Albert Ernest Knight (8 October 1872 – 25 April 1946) was an English professional cricket player. He was educated at Wyggeston Grammar School for Boys.

From 1895 until 1912 he played for Leicestershire as a somewhat dour batsman in a generally weak team. He represented England in three matches of the 1903–04 Ashes series against Australia, with a highest score of 70 not out at Sydney. He had had his most successful domestic season in 1903, scoring 1834 runs at an average of 45.85, including his highest score of 229 not out against Worcestershire.

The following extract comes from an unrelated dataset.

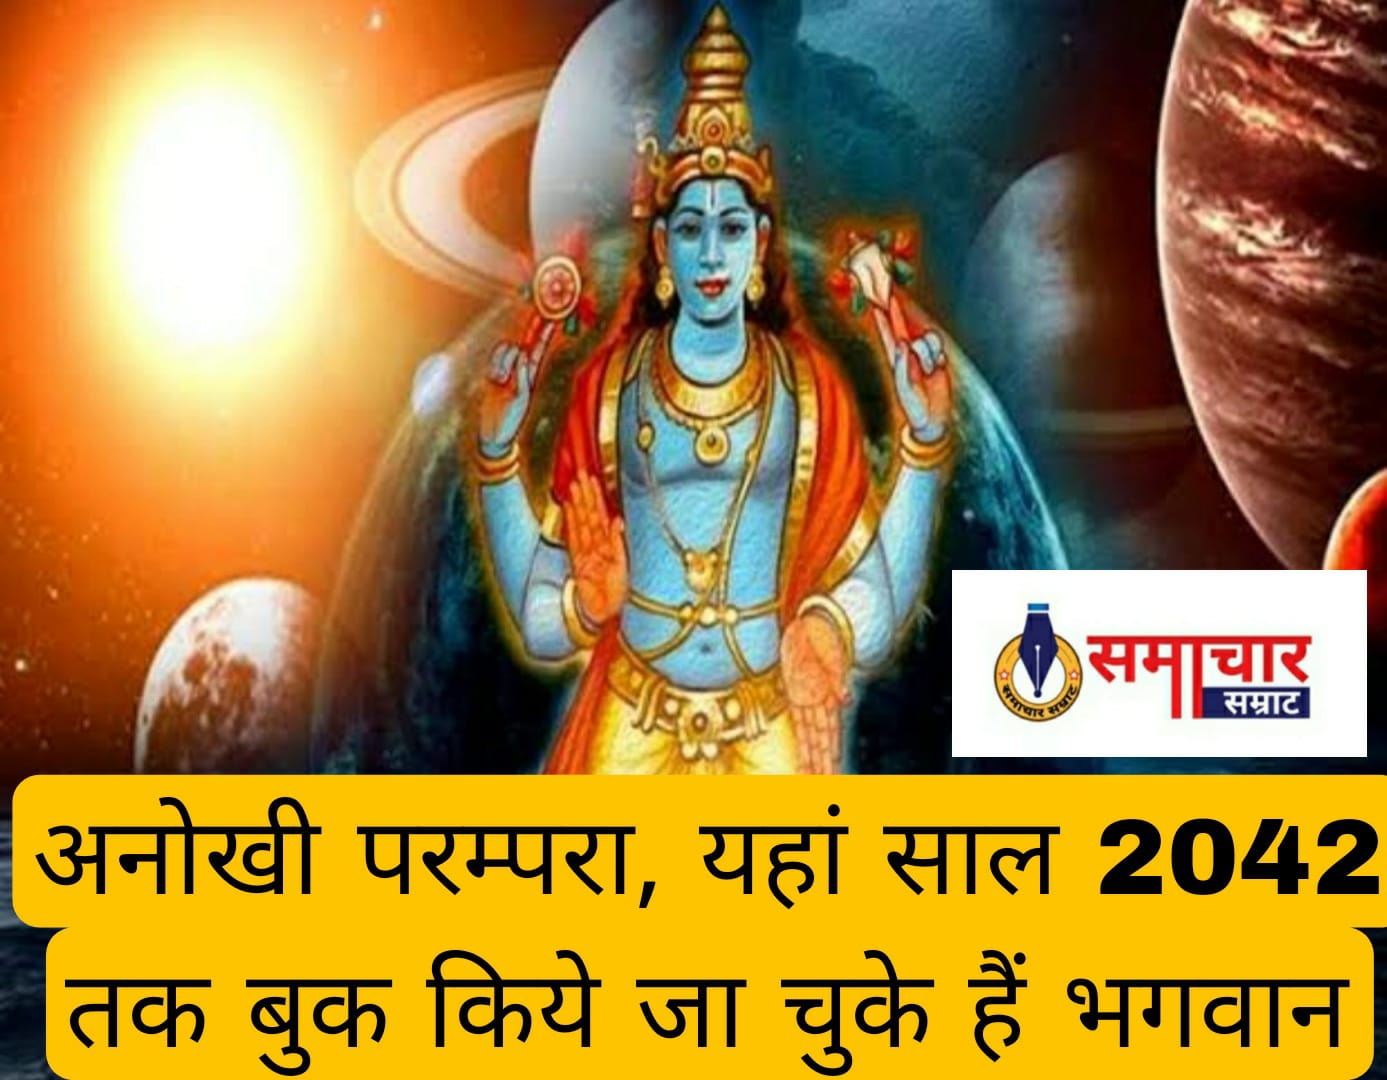 Dharm adhyatm : अनोखी परम्परा, यहां साल 2042 तक बुक किये जा चुके हैं भगवान

A. A. Thomson saw his innings of 147 against Yorkshire at Sheffield when Leicestershire were following-on, made in his final season of 1912. He wrote: "His batting was unencumbered by frills, but strong and solid, attuned to the difficulties of the situation. Albert was a man of admirable character and a Methodist local preacher."

His most important contribution to the game was a book, The Complete Cricketer, published in 1906. Sir Derek Birley, in his A Social History of English Cricket, described it as "a masterpiece of its kind, stuffed full of learned observations in weighty prose". Wisden called it "grandiose in style, containing much startling metaphor".

After retirement, Knight was cricket coach at Highgate School, where his portrait in oils was painted by the art teacher, Kyffin Williams.